__Exercise inputs__.
──────────────────────────────

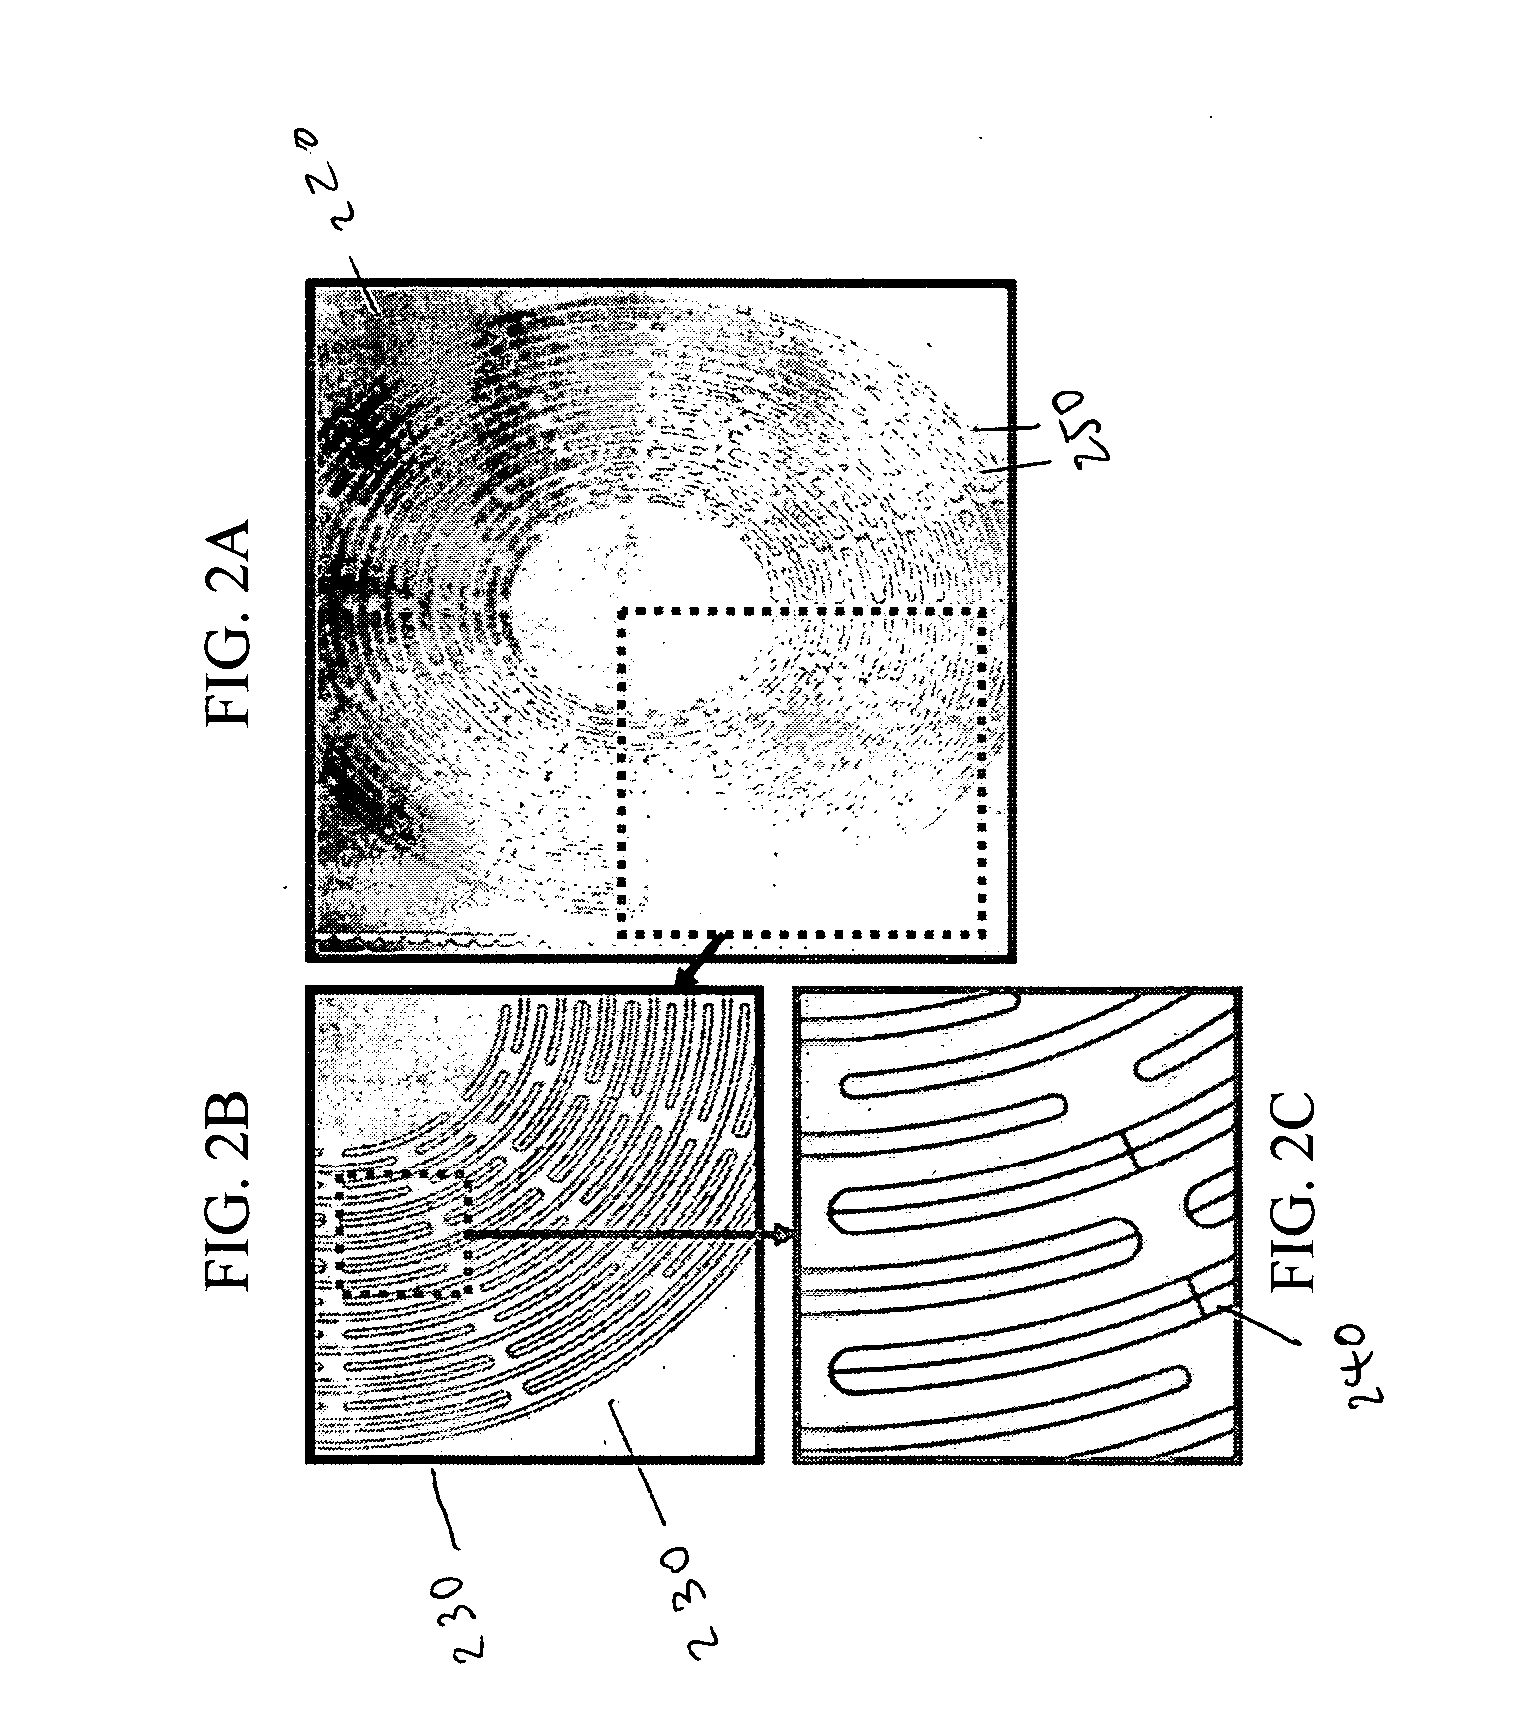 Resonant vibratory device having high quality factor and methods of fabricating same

──────────────────────────────

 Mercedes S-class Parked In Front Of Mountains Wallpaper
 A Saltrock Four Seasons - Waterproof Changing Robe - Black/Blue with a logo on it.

──────────────────────────────

__Task item__.
From the line containing "Mercedes S-class Parked" down to the line containing "A Saltrock Four" in the material above, reproduce every line exactly, including the two end lines.

__Your solution__.
 Mercedes S-class Parked In Front Of Mountains Wallpaper
 A Saltrock Four Seasons - Waterproof Changing Robe - Black/Blue with a logo on it.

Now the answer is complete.